Two wealthy donors offer reward for Donald Trump's tax returns

Campaign chair denies financial relationship between Trump and Russia

PHILADELPHIA - The wealthy Democratic donors, many of them executives who run complex businesses, know firsthand how revealing tax returns can be. Perhaps that's why they can't stop talking about Republican nominee Donald Trump's refusal to release his.

In their suites at the Ritz Carlton hotel, where many are staying during this week's Democratic convention, and at its auxiliary swanky parties, the supporters of Hillary Clinton are sounding the alarm about Trump's break with decades of presidential campaign tradition.

Clinton put out eight years of recent tax filings last summer, and they lament that voters don't seem to understand why Trump's refusal to do the same matters.

Democratic talk of the taxes spilled onto the convention stage Wednesday night. Vice presidential candidate Tim Kaine, mocking Trump, said, "Believe me, there's nothing suspicious in my tax returns. Believe me!" The crowd laughed.

There's even a literally a bounty for the Trump documents.

Moishe Mana, a top fundraiser for Clinton, has offered to give $1 million to the charity of Trump's choice if he makes them public. He joins an unnamed Republican donor working with Clinton ally David Brock who has made a similar offer of $5 million.

"Through his financial documents, we are trying to break into the image that he's portraying to the American people," said Mana, a real estate developer in Miami. "He says he's a successful businessman who wants to do for the country what he did for his company. Well, go ahead, show me the money."

Trump is unmoved. The billionaire owner of the Trump Organization, an international development company, says the Internal Revenue Service is reviewing his most recent returns and that he'll release them once that audit is complete.

He reiterated that plan at a news conference Wednesday in Doral, Florida. Asked when he would put out the documents, he said: "I don't know. Depends on the audit."

There's no telling whether that would happen before Election Day, but the IRS says there's no legal reason Trump can't make the tax returns public even as they are under review.

The issue has flared up in recent days, in the wake of the hack of emails at the Democratic National Committee that the Obama administration said Wednesday was almost certainly the work of Russia. The group WikiLeaks released the emails on the eve of the convention, a leak its leader Julian Assange has said was timed to inflict political damage on Clinton.

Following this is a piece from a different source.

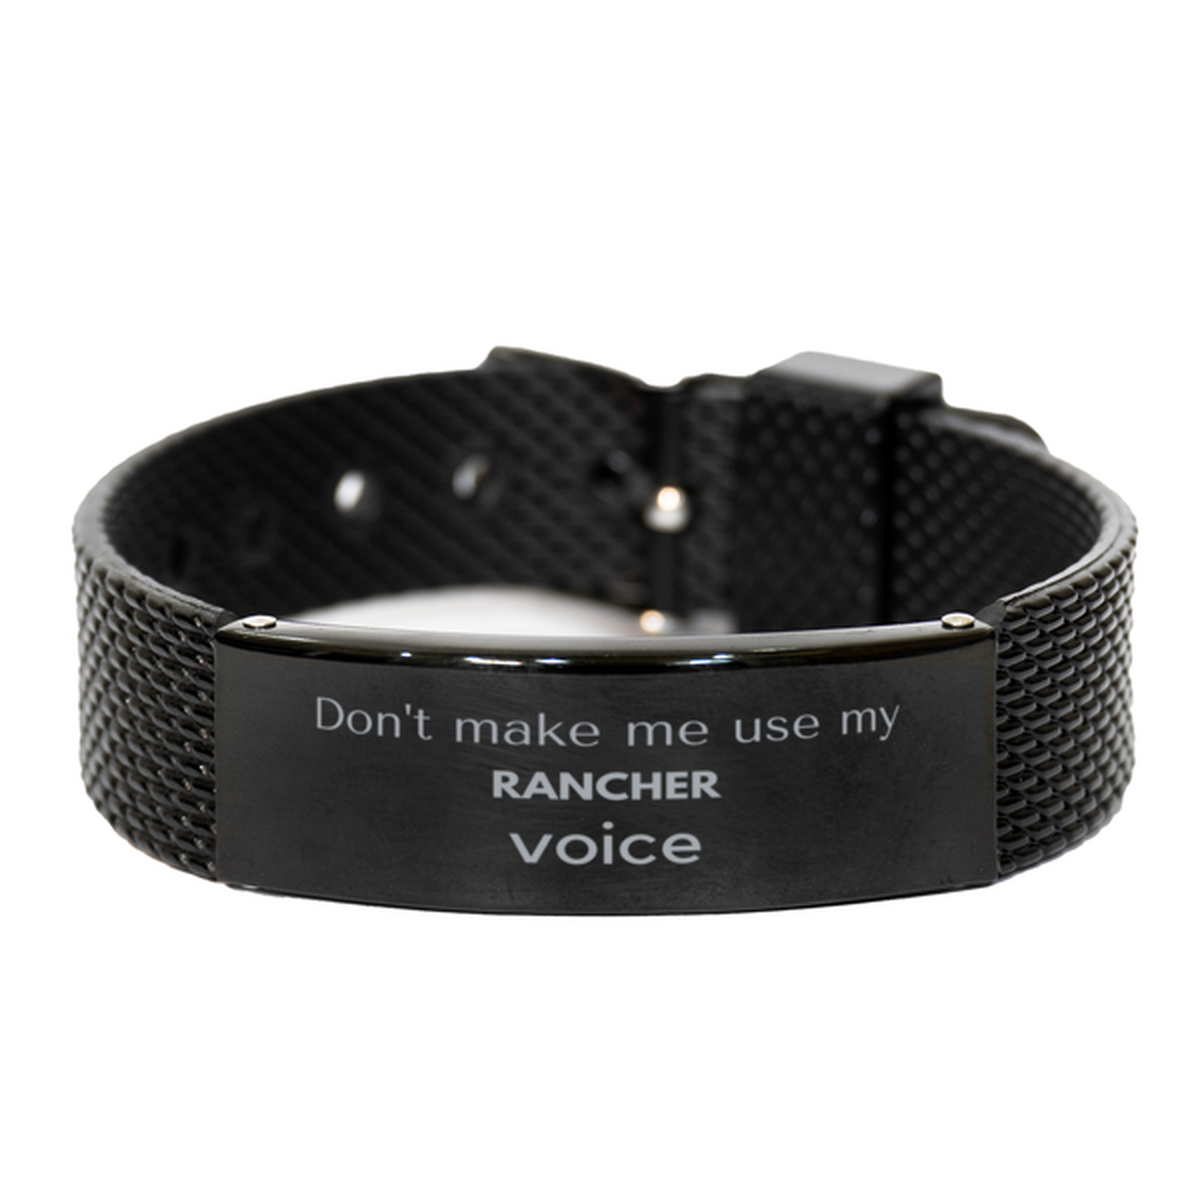 Don't make me use my Rancher voice, Sarcasm Rancher Gifts, Christmas Rancher Black Shark Mesh Bracelet Birthday Unique Gifts For Rancher Coworkers, Men, Women, Colleague, Friends

Trump said Wednesday that he has no ties to Russia whatsoever, but that hasn't stopped Democratic donors in Philadelphia from saying that in the absence of Trump's tax returns, voters are left to wonder whether there are undisclosed financial ties between Trump and foreign entities.

"Think of what's gone on just this week and connect the dotted lines," said top Clinton donor J.B. Pritzker, a billionaire venture capitalist in Chicago. "I'm not sure what's going on, but it sure doesn't look good. The question is who his investors are, and whether there are any in China or Russia that are affecting his personal income."

Mana also wants that answered. If Trump's elected president, he said, "how much in debt would we be to other countries? This is about the security of the United States. We have the right to make sure he's not in debt to other countries."

While information about Trump's debts has been made public in personal financial disclosures filed with federal election regulators, the Democratic donors say access to his taxes might shed light on previously unknown business arrangements. The returns would also detail for the first time how much he pays in income tax and how much he gives to charity.

"He is obfuscating in order to avoid being discovered as a liar," Pritzker said.

The 2012 GOP nominee, Mitt Romney, resisted putting out his 2011 tax return until the September just before the election, after being pressed for months about doing so. The documents showed he paid an effective tax rate of 14.1 percent, far lower than the average person, spawning days of bad headlines.

Other presidential candidates, including Republican Texas Sen. Ted Cruz, have been dinged for not giving much to charity.

Bill and Hillary Clinton paid an overall federal tax rate of 31.6 percent between 2007 and 2014, her returns showed. In 2014, they donated almost 11 percent of their income to charity.

In addition to blaming the IRS audit, Trump has said in interviews that it might not make political sense for him to put out his returns.

Romney's returns were "a tiny peanut compared to mine," Trump said on "Meet the Press" in an interview that aired last Sunday. There was little controversial in the Romney documents, he said.

Yet the media "made him look bad," Trump said. "In fact, I think he lost his election because of that."